Следователи удалились, намекнув, что когда-нибудь еще придут и заключенному придется подписать еще пару бумажек. «Можно подумать, мы подписываем какой-то договор», – лениво подумал арестант. Он лежал на нарах, скрестив руки на груди, с закрытыми глазами, без поясного ремня, обрастал щетиной, когда снаружи послышалось стеснительное покашливание и за решеткой выросли как минимум трое. Олег предпочел не открывать глаза – всю необходимую информацию он мог получить и так.

– Лежит, – смущенно пробормотал командир первого взвода Григорий Оленич. – Не выходит никуда. Пациенту прописали тюремный режим – в связи с угрозой террористического акта… Какой-то он ненастоящий, мужики, согласитесь? Не похож на нашего неунывающего командира. Нам подсунули бледную копию?

– Вроде дышит, – неуверенно заметил его коллега из второго взвода Шура Крутасов.

– А это искусственное дыхание, – объяснил Максим Болдин из третьего взвода. – Эй… – Он негромко постучал по решетке. – Товарищ капитан, мы видим, что вы не спите, открыли бы глаза хотя бы для приличия. Между прочим, мы проделали неблизкий путь, чтобы предстать под ваши светлые очи и выразить вам свое почтение и респект. Простите, что без апельсинов…

Олег неохотно повернул голову и открыл глаза. Посетителей действительно было трое – удивительно, как их сюда пустили. Сухопарый, жилистый, словно связанный из нервущихся тугих жгутов, лейтенант Крутасов вцепился в решетку и скорчил такую физиономию, словно он находился не снаружи, и внутри камеры. Переминался с ноги на ногу русоволосый Максим Болдин, в котором накачанные бицепсы самым загадочным образом уживались с интеллигентностью. Энергично подмигивал и мурлыкал что-то под нос самый молодой в компании, гибкий, как тростник, Гриша Оленич с большими ушами и коротким, но лихо закрученным казачьим чубом.

– Здравия желаем, товарищ капитан, – среагировал с широкой, но несуразной улыбкой Оленич. – Уличенный вы наш в проявлении преступной инициативы.

– Подсудимый, вам страшно? – неловко пошутил Максим.

«Подсудимый» не шевелился, его щетинистое лицо было каменным и неулыбчивым. Глаза неприязненно сверлили посетителей. Трое стушевались, стали ежиться, переминаться с ноги на ногу.

– Командир, пощади… – охрипшим голосом взмолился Крутасов. – Это не мы выдали тебя и твоих ребят… Гадами будем, зуб даем, Родиной клянемся… На хрена нам это надо, ты же для нас авторитетнейший товарищ?

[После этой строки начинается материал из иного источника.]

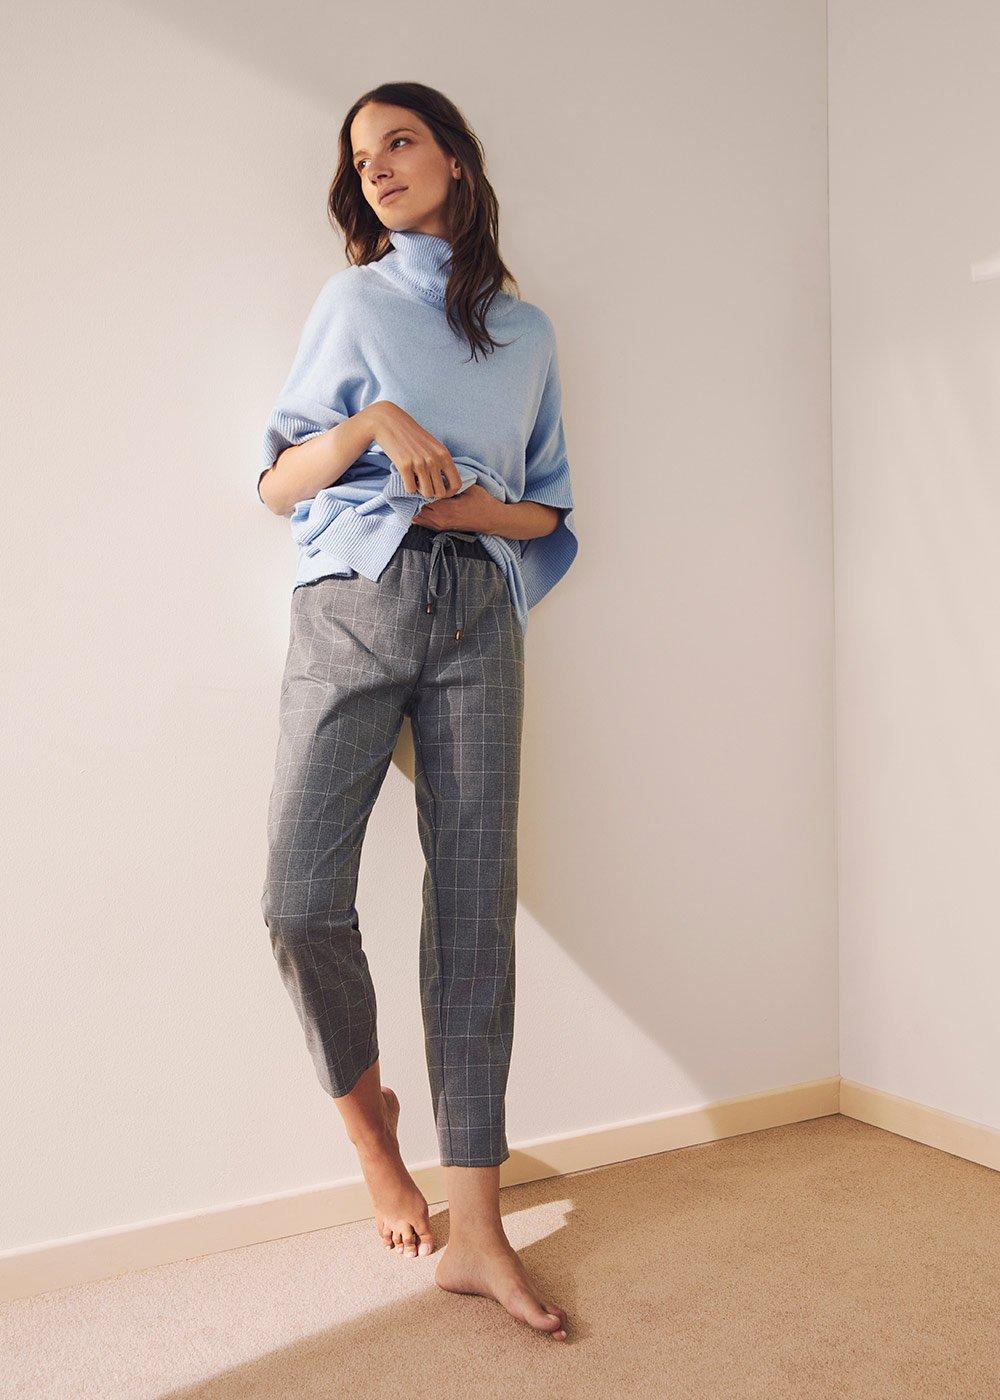 Pantalone Cara in tessuto flanella - Light grey\White Fantasia - Donna

– Серьезно, Олег Петрович, это не мы, – поддакнул Оленич, водружая на застывшую гримасу библейскую невинность. – Ты же знаешь, на что мы способны, а на что не способны. Мы не стукачи – тем более ты пострадал за правое дело…

– И зампотех не при делах, – вступил Болдин. – Сергеич нормальный мужик. Это все Запутный, командир. Он даже не скрывает, что настучал на своего командира. Ухмыляется, зараза, строит из себя правильного и законопослушного. Вот же гнусь, а еще пил вместе с нами. В роте без году неделя, а так пакостит…

– Да он почти не пил, только сделал вид, что лизнул… Вы только ушли, а он уже навострился к вышестоящему начальству, – добавил Крутасов. – И даже не таился, подонок… Бегом, бегом, лишь бы доложить.

– Это такая порода людей, Олег Петрович, – разбавил краски Оленич. – Их мало, но они настырны и отравляют жизнь. Букву закона блюдут до смешного. Им невдомек, что жизнь по уставу – по модулю невозможна, она для роботов, а не живых людей. Моральные уроды, в доносительстве не видят ничего зазорного…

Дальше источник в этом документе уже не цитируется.